If you've seen the trailer, than you've seen the movie: loony-cartoony Anna Faris is Shelley, a relentlessly smiley Playboy model who lives an idyllic life at the mansion with Hef and his camera-clogging trio of indenti-blondes until a rival centerfold wanna-be cooks up a simple-but-effective plan to sabotage our plucky heroine, and she soon finds herself ousted from her fleshy Neverland. Lacking any skills besides boner-causing and make-overs, she soon stumbles her way into the very unlikely role of house mother for a dead-in-the-water sorority house populated by nerdy girls, feminists, a chick in a back brace, American Idol almost-winner Katherine McPhee in a giant prop pregnant belly, and gravelly Emma Stone (you know, Jules from Superbad) as the sorta-normal one. Of course, she takes them shopping, gives them glammy makeovers, and shows them how to attract boys using age-old techniques like washing a car in a bright pink bikini and bending over a lot. And just like that, Shazam! The Zeta-whatever sorority house is the most popular in the school and the mean alpha-bitches that tormented them get their comeuppance. But wait, now the once cool-but-nerdy girls are acting just as catty and wicked as the ice queens who rejected them in the first place, and Shelley can't make any time with good-guy Oliver (Colin Hanks) because, well, she's too dumb. Yikes! We need a fix-up-the-place montage quick!

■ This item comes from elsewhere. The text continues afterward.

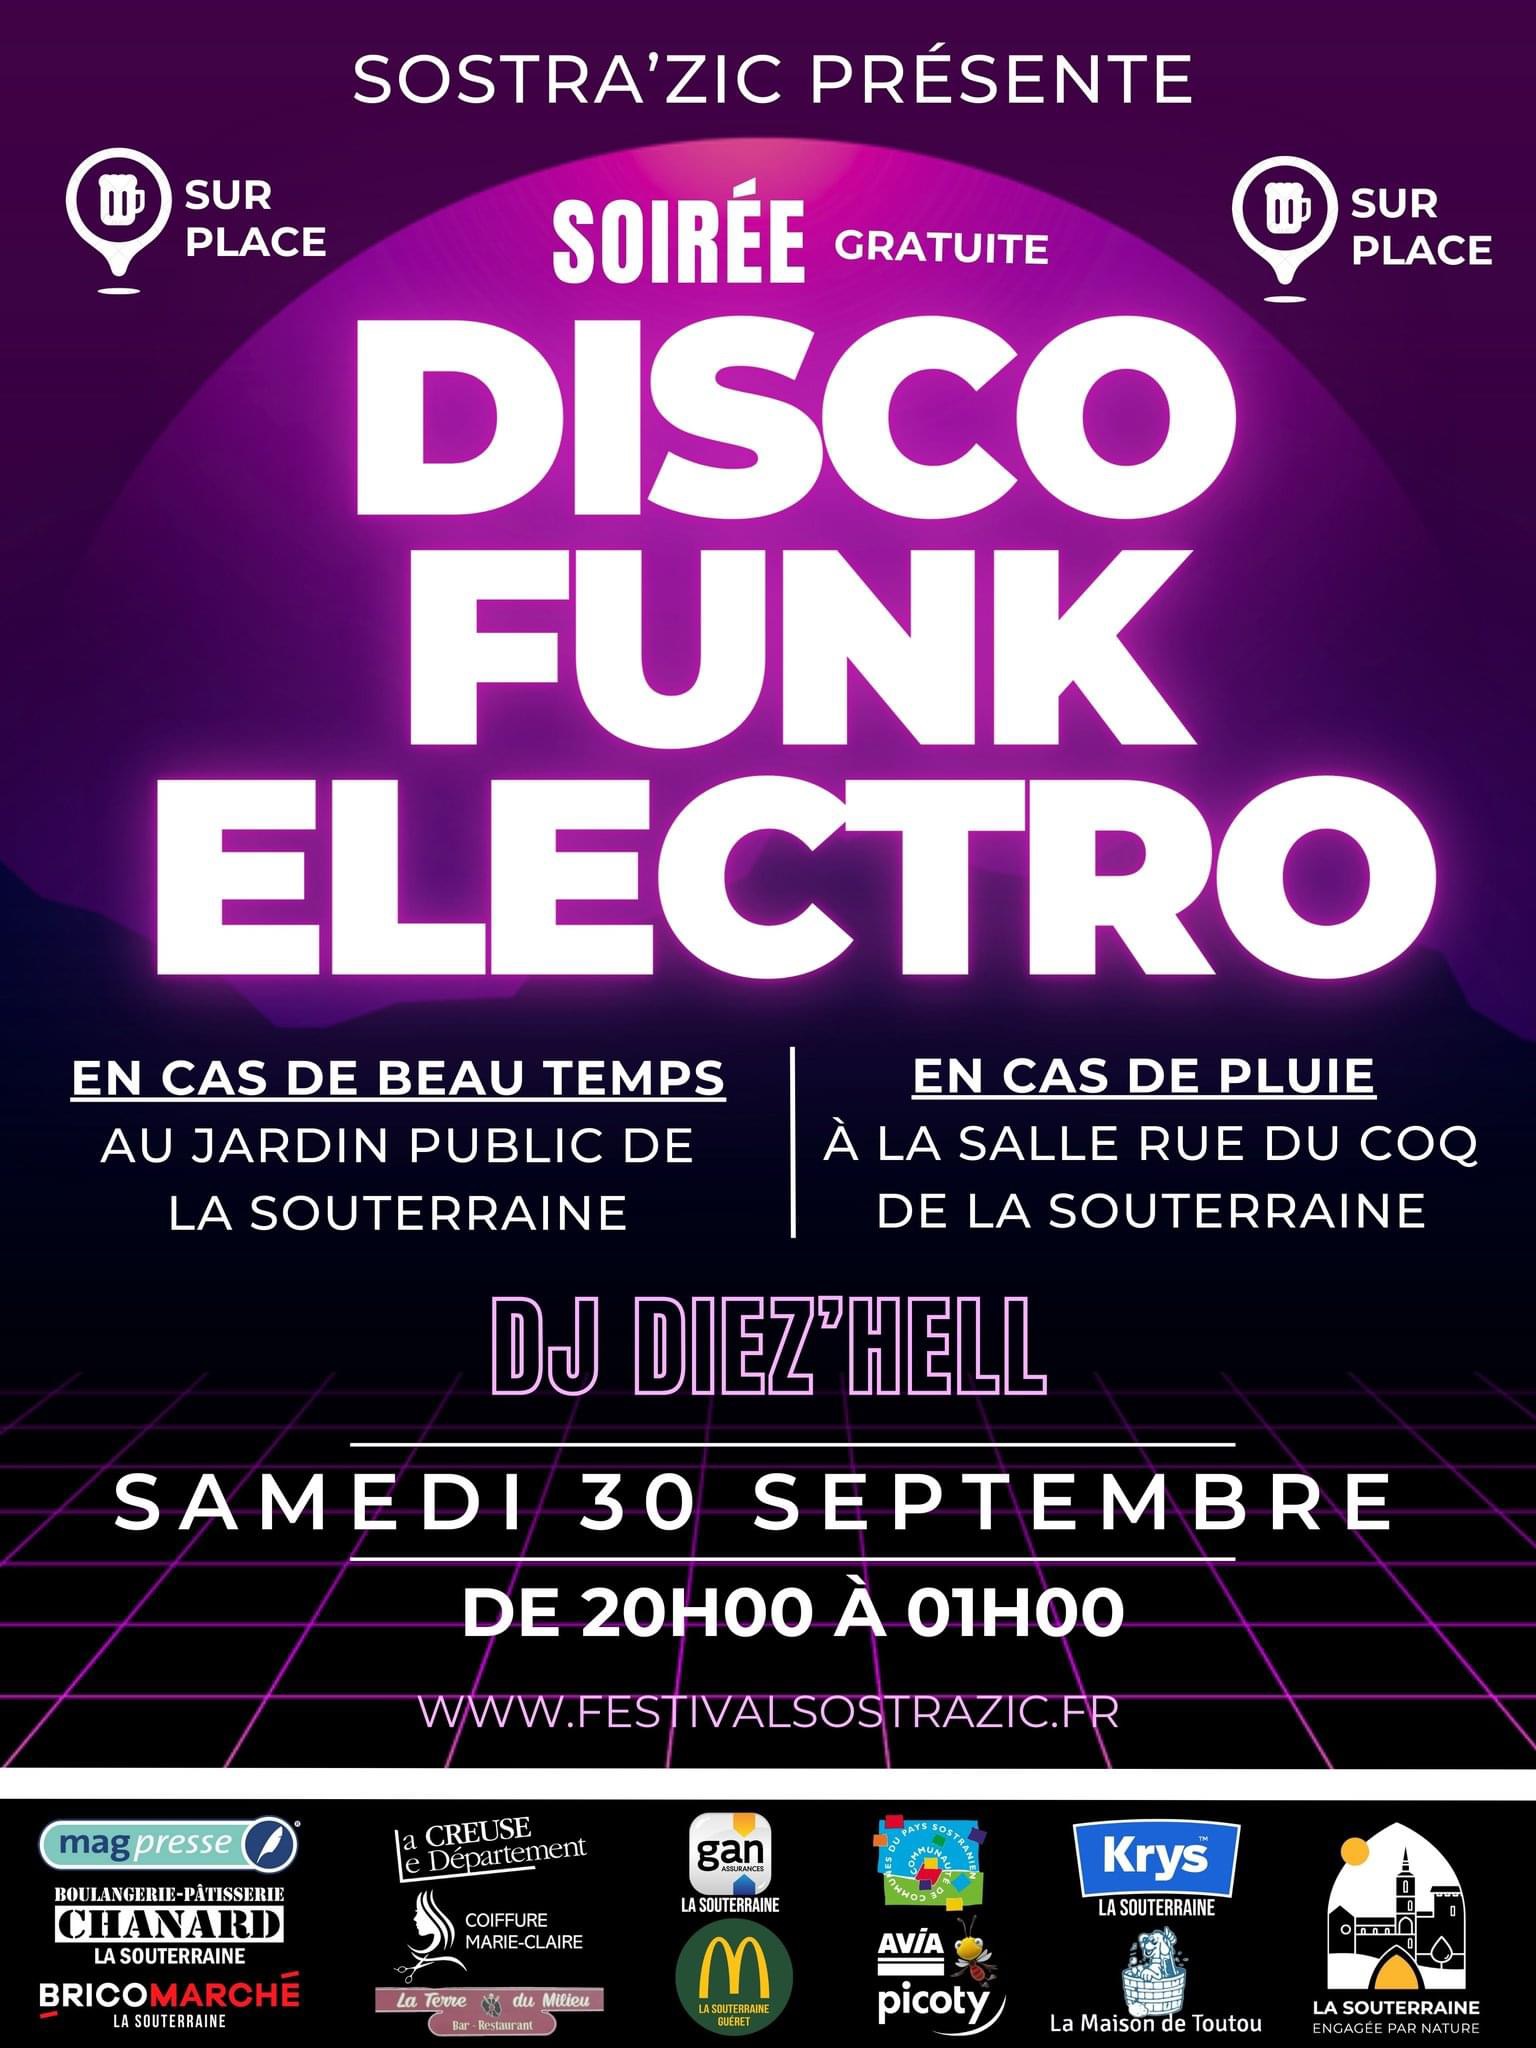 Soirée disco funk électro

Ok, so the premise is so thin it groans and splinters within the first five minutes, but only the cruelest of hearts could complain, really.  The House Bunny is a sweet, big-hearted homage to 80's teen comedies (Revenge of the Nerds, in particular) that practically radiates with goofball charm. Faris is perfect in the role of the clueless-but-kind Shelley, (although her rubbery vamping never quite translates to sexy when it's supposed to, even in the skimpiest of outfits), and the supporting cast hit all the right notes along the way.

Despite its PG-13 rating, there's nary a nipple to be ogled (although you do get a quick flash of Faris-ass), so look elsewhere for raunch, but if you're in the mood for an airy, candy-colored 80's throwback, The House Bunny will charm the pants right off you. Playboy girls are good at that, apparently.

One thing, though: as far as I can tell, the message of this movie is that your best shot at popularity, if you're young and female, is to be smart and pretty. That sounds like a lot of work. Good luck, ladies.